# White Handle Chef Knife



## chef2008 (May 16, 2008)

I am trying to find the name of the company that makes the chef knife on the Everyday Food TV show...does anyone have an idea..it looks like an eight inch white handle knife...?

Thx,

John


----------



## oahuamateurchef (Nov 23, 2006)

This Everyday Food TV show? I couldn't see a white handled knife in any of their videos. Perhaps you could fire off a quick email to them here.


----------



## the penguin (May 6, 2008)

Dexter-Russel or Sani-safe possibly?


----------



## chef2008 (May 16, 2008)

I did..and they said they did not know...when i watch the show on a pbs station...everycook on the show uses this knife...


----------



## food-macro (May 13, 2008)

You should try looking on the internet for white handled chefs knives there not that uncommon we had one at my work, granted it was one of those plastic hanled knives that gets replaced every 2-4 weeks.


----------



## chef2008 (May 16, 2008)

Thanks..i will take a look

John


----------



## deltadoc (Aug 15, 2004)

I haven't seen the show but I have a whole collection of white handled Wusthof-Trident Classic White knives, including a 10" and 8" chef knife. They're outstanding knives and I use them everyday since 1992 when I bought them new. The Wusthof US representative told me, contrary to what I was told by local stores, that they HAVE NOT discontinued the white classic knives. They said a lot of places simply won't carry them because "white" isn't as popular as it used to be in the 1980's.

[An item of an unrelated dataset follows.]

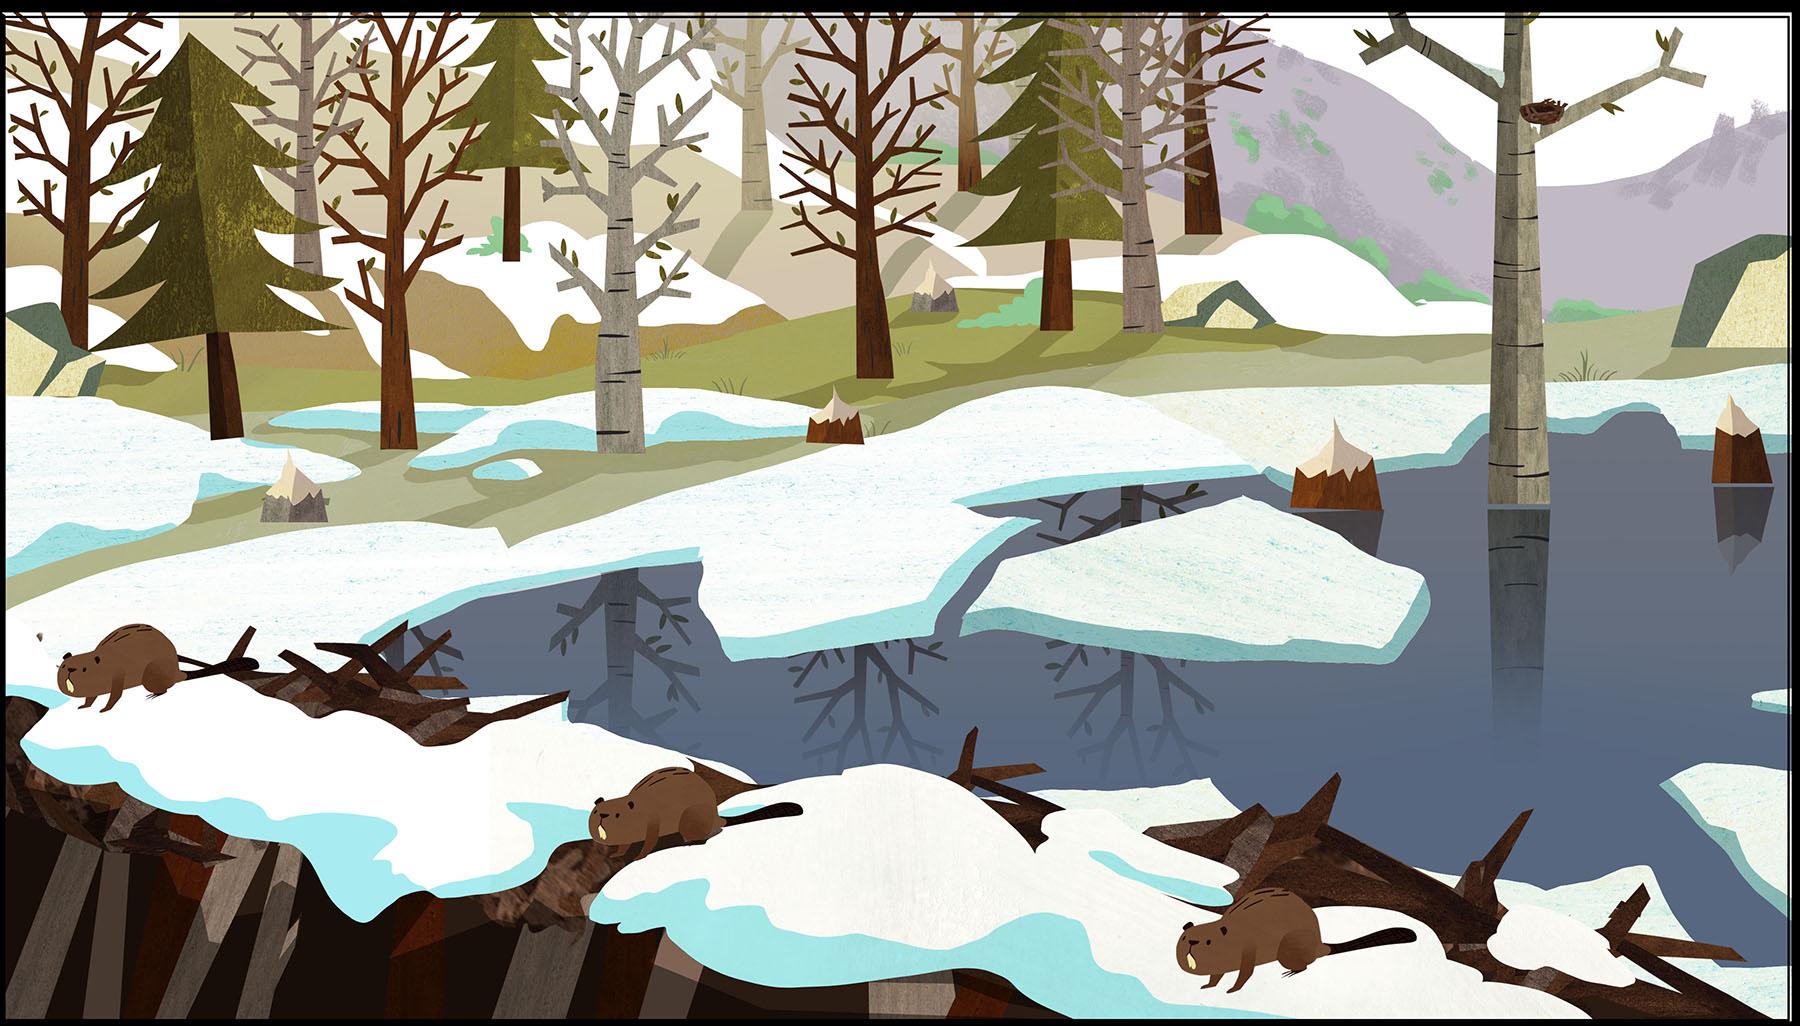 spring_beavers_sleeping_smallversion.jpg

Just be careful to get the "Forged" not the "stamped" line. Big difference in quality. I have the "forged".

doc


----------



## boar_d_laze (Feb 13, 2008)

Wusthof makes a number of forged lines. "Classic" is one of them. If Wusthof Classic whites are the knives, or even like the knives you want... you're in luck. Great sale prices on sets:

Wusthof White Classic Knives - Wusthof White Classic, White Classic Knives, Wusthof Knives, Wusthof Trident White Classic, Wusthof White Classic Cutlery

Cutlery and More is an excellent e-tailer. You don't need to have any qualms at all. I've ordered from them several times. What impressed me the most was the way they handled a problem they had with PayPal. After a two day delay, they not only sent me my order on trust but threw a little something extra in the package. Good people.

Meanwhile:

Usually the cooks on shows don't choose their own knives, so their presence shouldn't be regarded as an actual endorsement, but more as a commercial one. That having been said, the Wusthof Classic line is very good. There aren't any better knives for fit and finish or comfortable handles. Until fairly recently, Wusthof Classic was regarded as the best of the German mass-produced knives. It is no longer at the top of the German range in general or Wusthof's in particular -- but just a half step below.

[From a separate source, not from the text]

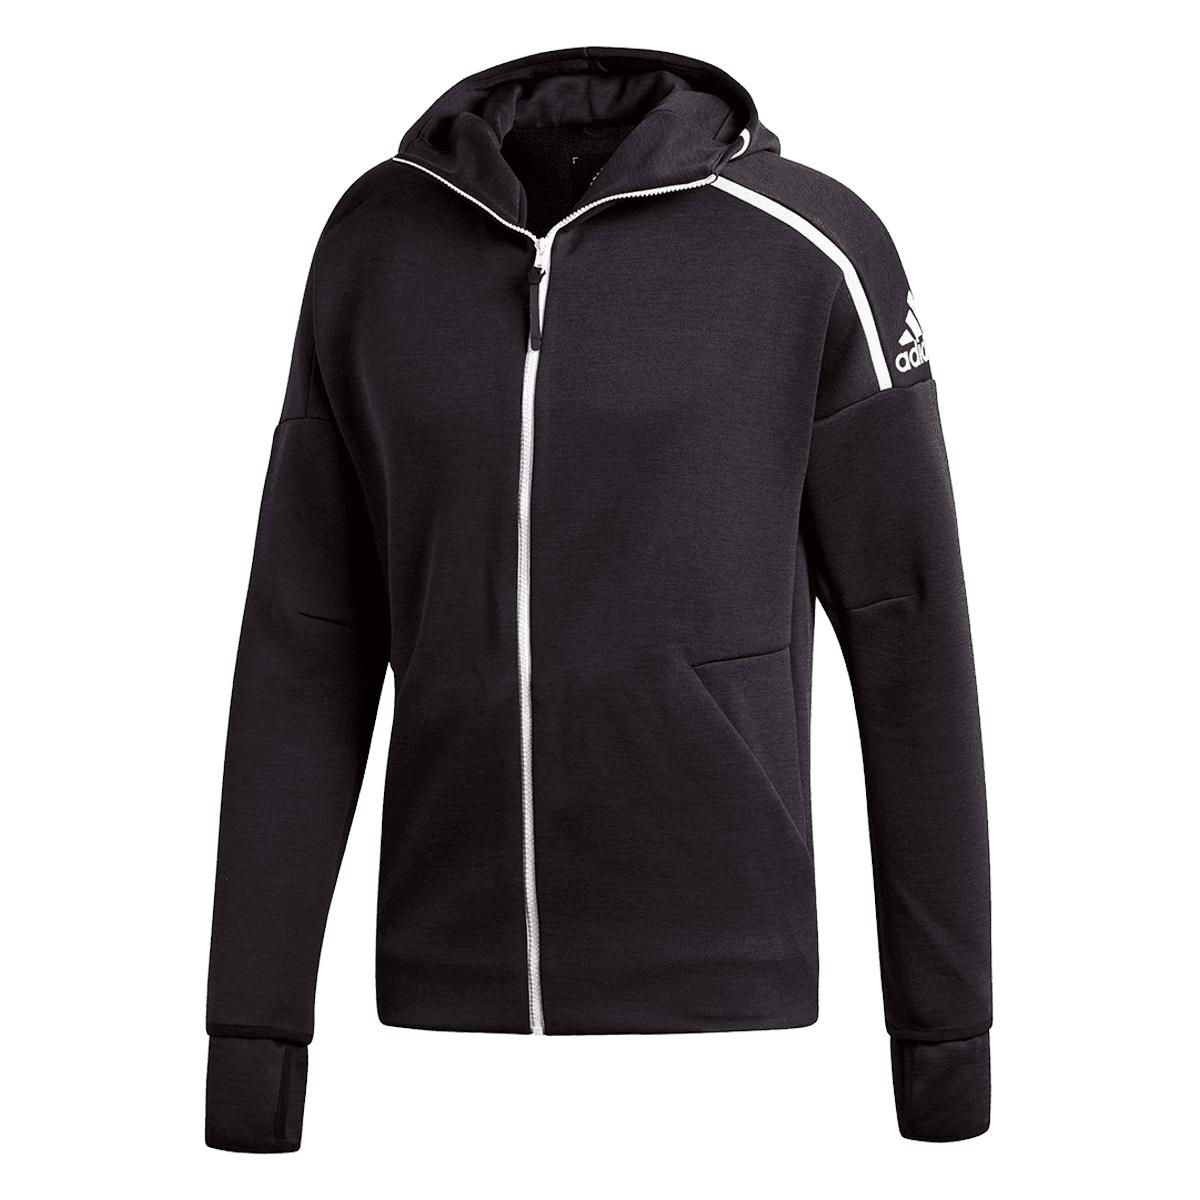 Adidas Z.N.E Pulse Hoodie Jacke für 35,94 Euro (NUR 2XL)

The aspects of the knives in which they've been superseded, and in which I don't like, probably don't and won't matter to you. If you're interested in talking about the best brands and lines for you ... that's a different discussion. I"m happy to have it, but don't want to start it gratuitously. There's a phrase in law: "officious intermeddler." Doesn't sound too attractive, does it?

The Dexter Russel, Sani-Safe white handles are light plastic, and set on cheap, stamped blades. The knives are meant to be dishwasher safe, very inexpensive, and for commercial use where a trip in the dishwasher is required by law, or the employees wear ill-fitting disposable plastic gloves, or both -- a meat processing plant or a chain submarine sandwich shop, for instance. These are knives you might have to use for minimum wage, but you wouldn't want to.

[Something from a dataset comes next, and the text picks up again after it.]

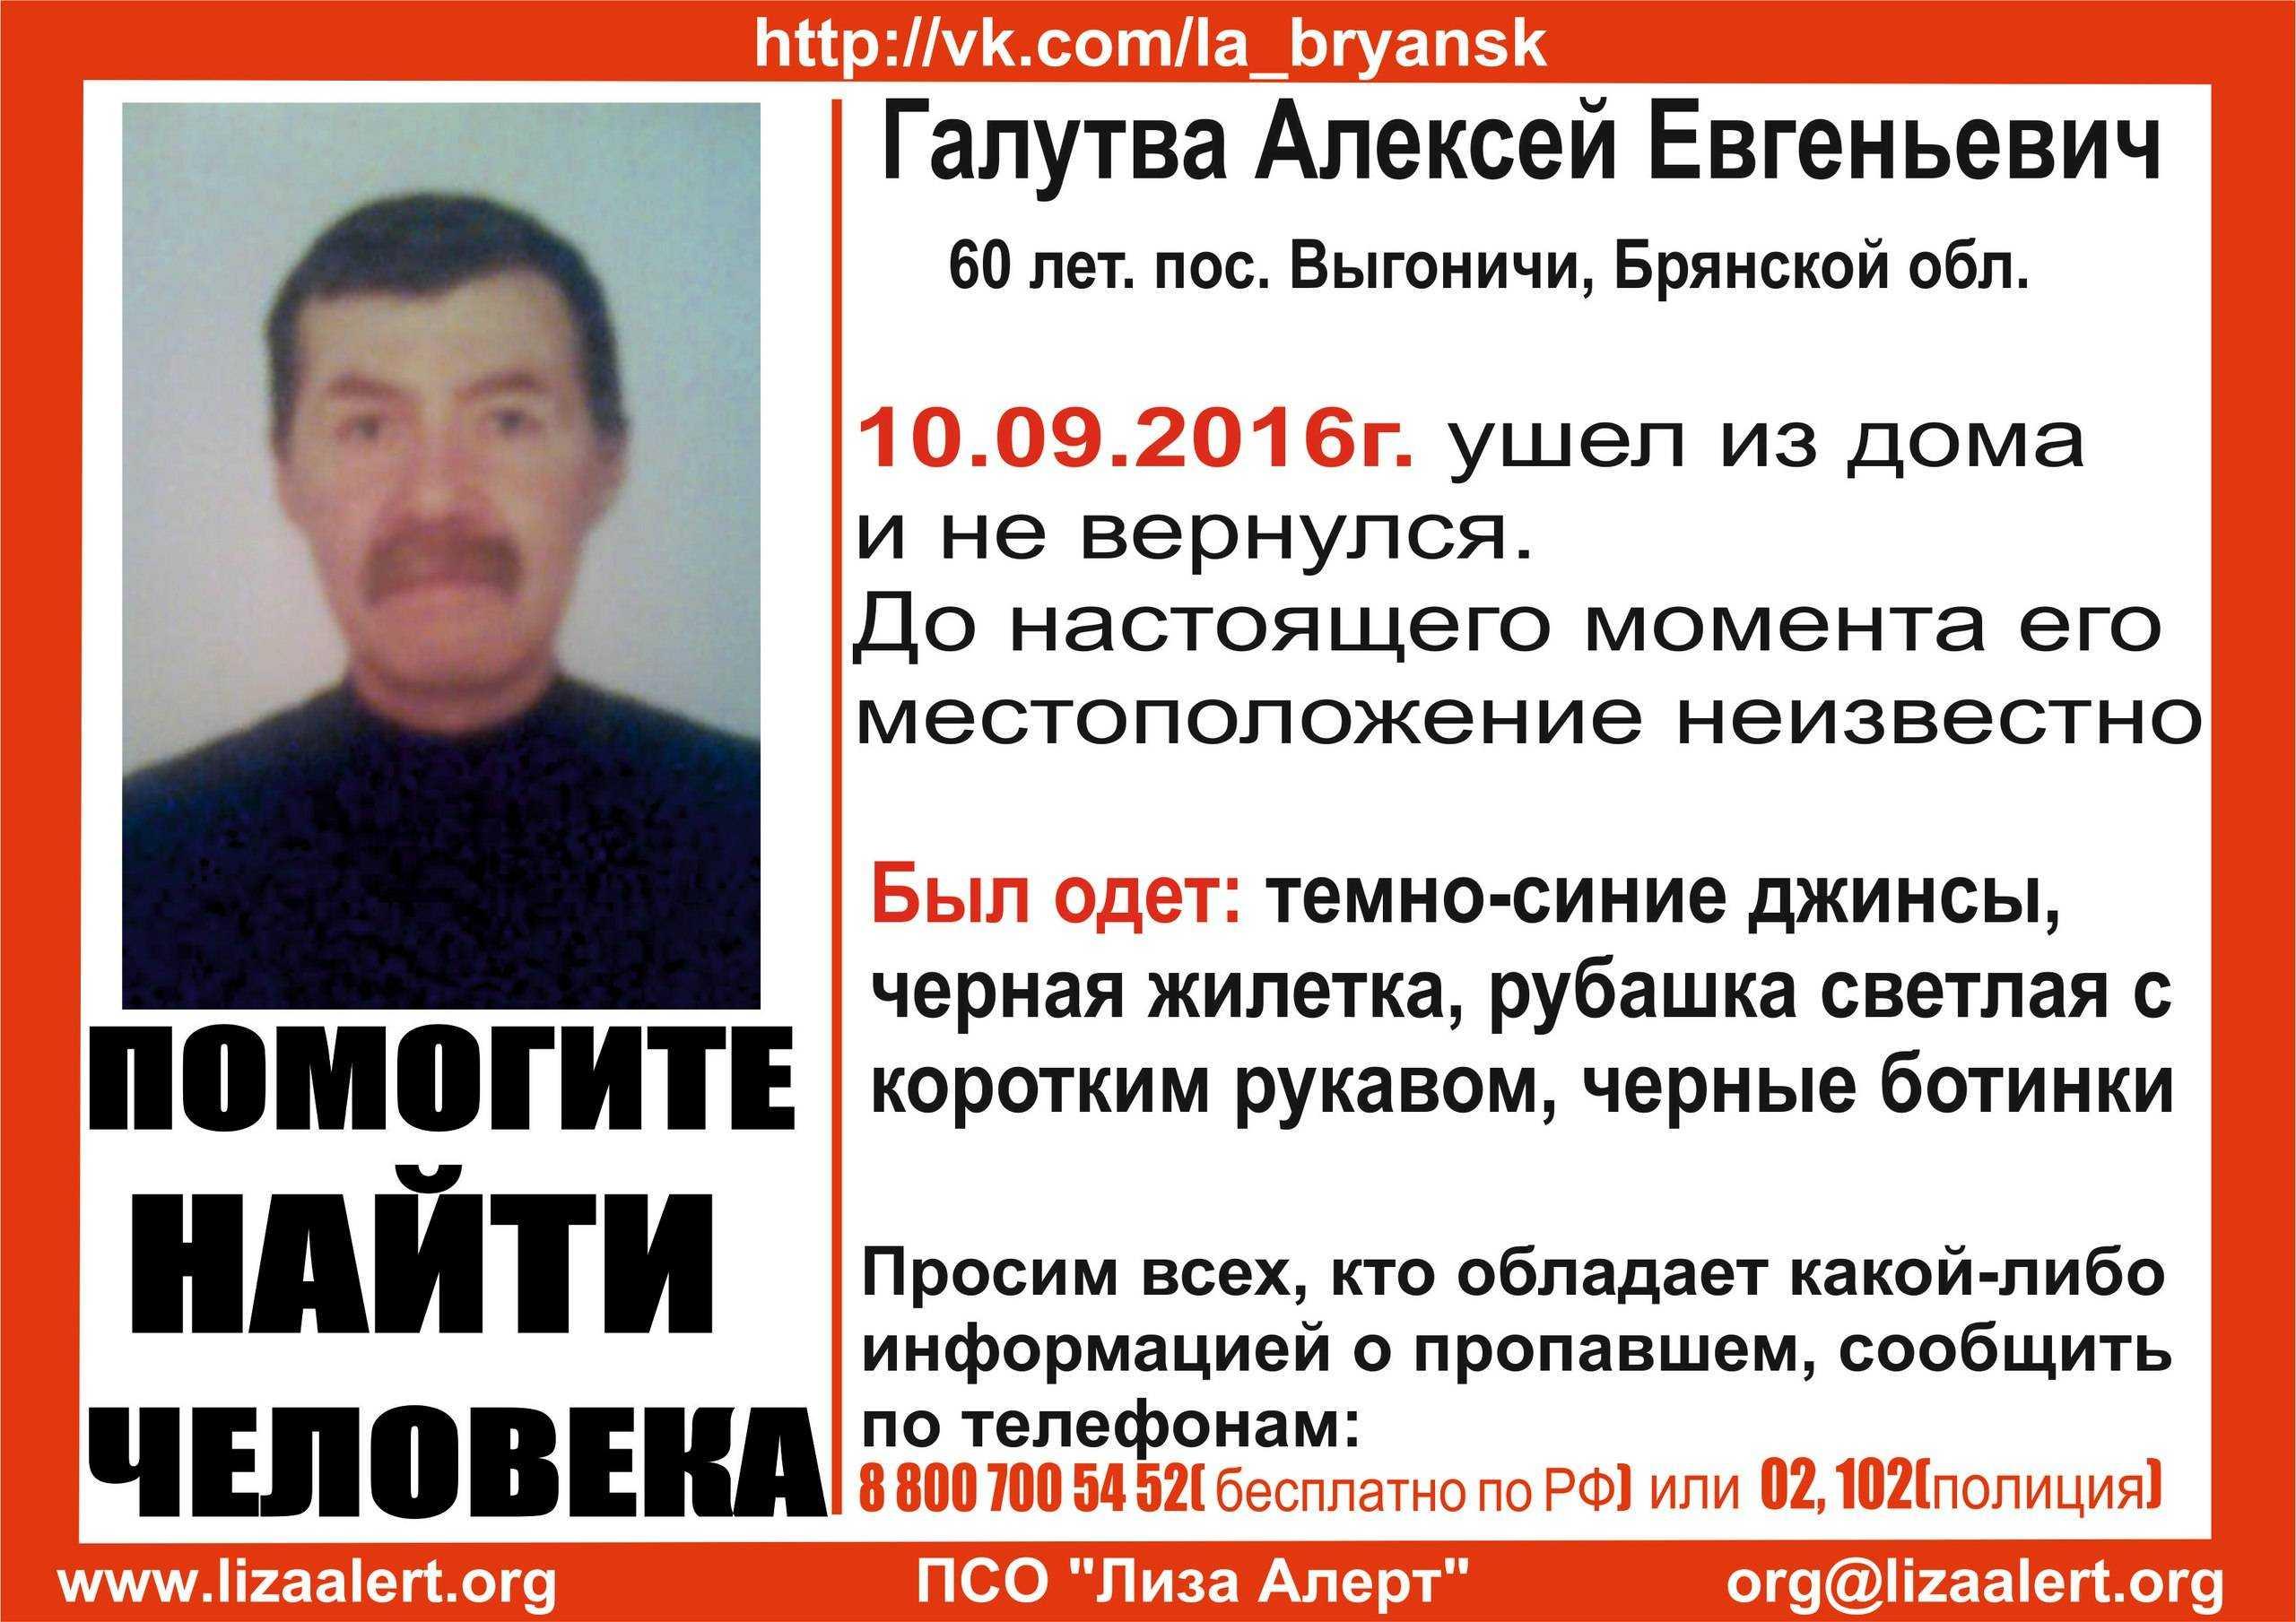 ВБрянске пропала 19-летняя студентка техникума индустрии сервиса

Paranthetically -- Doc is right about sticking with forged when it comes to Wusthof. There are excellent stamped knives, some much better than anything Wusthof makes -- but as Wusthof goes, go with the forged.

Out of curiosity: Any good, white handled knife? Or must it be one from the show? There are several good lines available in white, or light wood handles. For instance, slightly better than the Wusthofs (for reasons I won't go into here) are these Sabatiers: http://www.cheftalk.com/forums/newre...ote=1&p=221989 However, given the difference in price, if I were looking at a set, I'd buy Wusthof and add either a 10" Sabatier chef's -- or go beyond the whole handle thing and get the best chef's knive I could..

BDL

PS Before getting into the whole "which is better" thing, I need to say that there are number of companies selling knives under the Sabatier name. The knives range from very good to very bad. Elepant Sabatier are very good indeed.


----------



## annie z (Apr 13, 2012)

In 1995 I bought a Wusthof white Classic Chefs set .....8 inch Chefs knife and 3.5 paring knife. A week ago I lost the paring knife! For the past week I have contacted numerous e- retailers and Wusthof outlet. To no avail the e-retailers and the outlet told me that Wusthof white Classic does not exist! I found one knife on EBay, not what I was looking for! Where else can I look or is it useless?


----------



## pohaku (Jul 11, 2011)

If you haven't already, you might call these folks and ask. They are a Wusthof outlet, and while their web page says the white classic is discontinued, they may have some pieces. Decent folks to deal with.

http://eversharpknives.com/


----------



## berndy (Sep 18, 2010)

The Penguin is right .I have an 8'' white handled knife and on the blade it says 'SANI-SAFE' on top and right under it is DEXTER-RUSSELL followed my S145-8,then it reads "stain free "over "high-carbon"


----------



## johnr (Aug 5, 2011)

"You should try looking on the internet for white handled chefs knives there not that uncommon we had one at my work, granted it was one of those plastic hanled knives that gets replaced every 2-4 weeks."

Ours don't get replaced, after numerious sharpenings (grindings) they get repositioned as boning/trimming knives :>

Seriously we get a lot of work done on these type of knives. They may not be the best but they work.. A 10 inch Dexter can do a variety of tasks.


----------